Professor Jennifer Powell is Director of the Barber Institute of Fine Arts, and Barber Professor of Fine Arts at the University of Birmingham. Prior to this, she was Curator of Painting and Sculpture at the Royal Academy of Arts, London and Associate Professor at the University of Cambridge. She is a respected scholar in the field of modern and contemporary art, especially sculpture and exhibition cultures since 1945, an area in which she has published widely. Jennifer began her curatorial career with the V&A before taking up the post of Assistant Curator of Modern British Art at Tate Britain in 2010. She was appointed Head of Collections, Programme and Research at Kettle’s Yard, University of Cambridge, in 2013, and played a key role in the gallery’s major capital extension project.

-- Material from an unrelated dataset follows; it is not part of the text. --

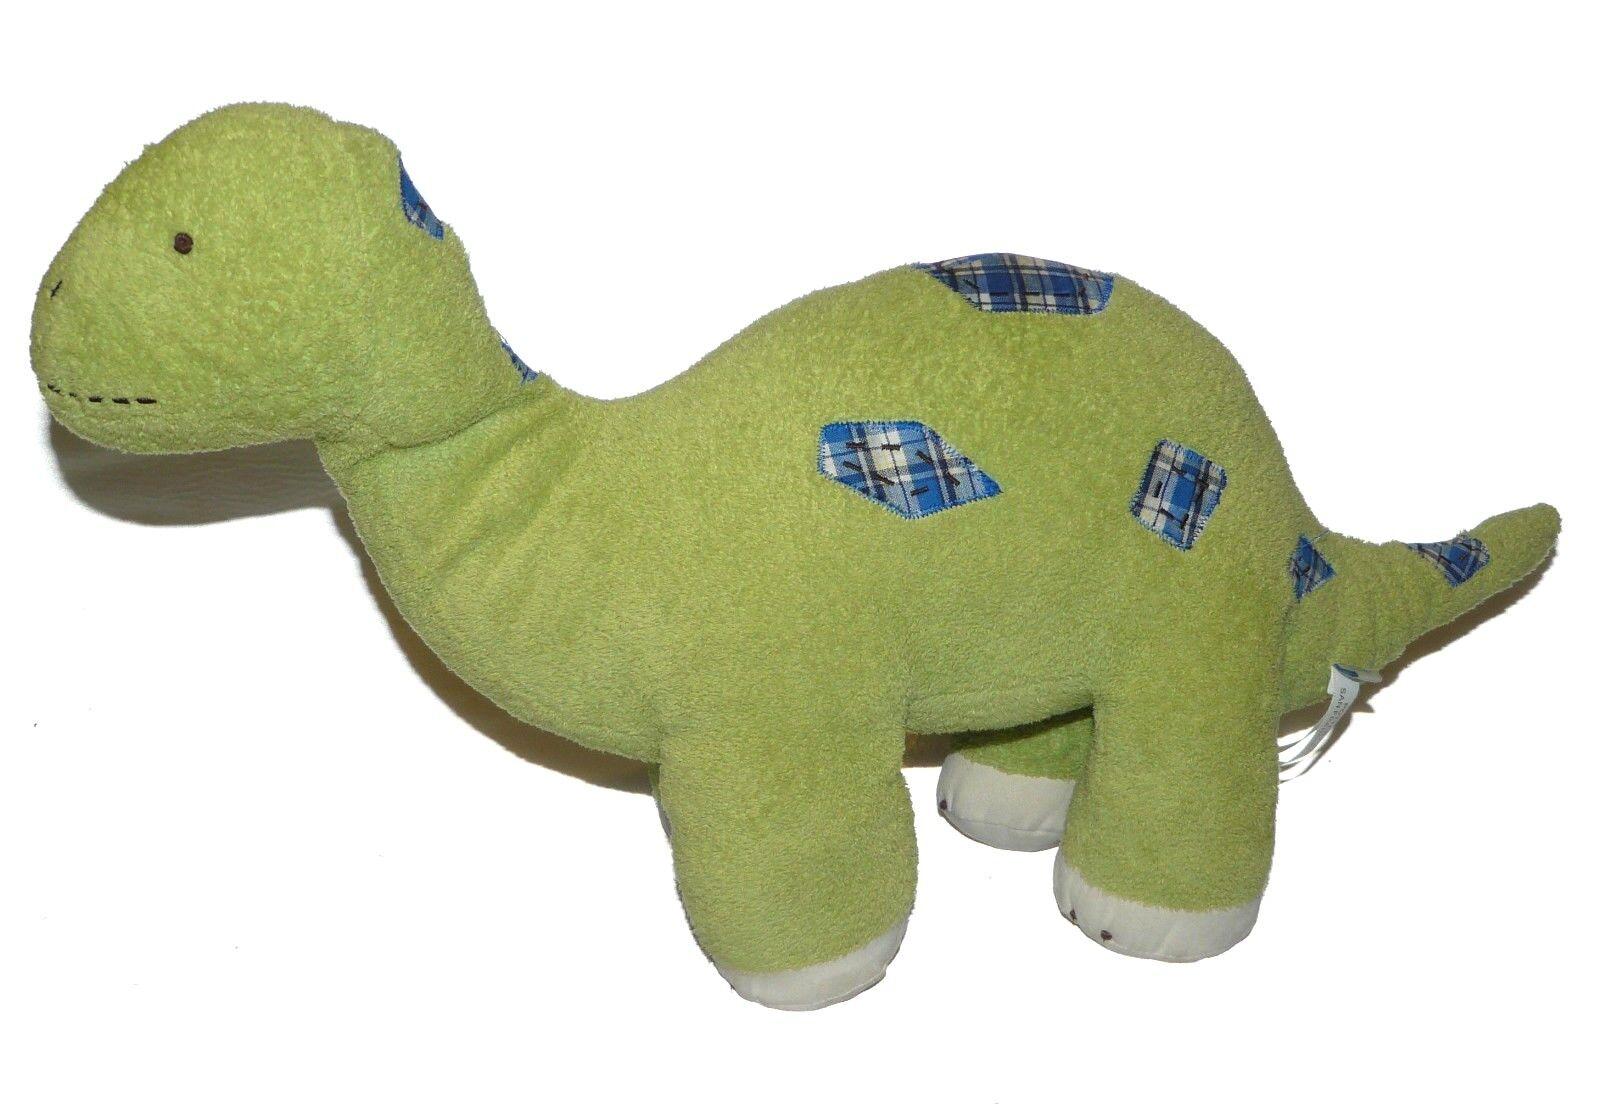 Pottery Barn Kids verde Dinosaur blu Plaid Patches Plush Stuffed Animal 22

Professor Mark Hallett is the Märit Rausing Director of The Courtauld. Prior to this, he spent more than a decade as the Director of the Paul Mellon Centre for Studies in British Art (PMC), a London-based research centre that is part of Yale University. As an art historian, Hallett is best known for his many publications on British art, and for his curatorial involvement in a series of major exhibitions at venues including Tate Britain, the Royal Academy, the Wallace Collection and the Yale Center for British Art. His work ranges from major monographs and exhibitions devoted to the eighteenth-century artists William Hogarth and Joshua Reynolds, to publications on the contemporary artists George Shaw and Frank Auerbach.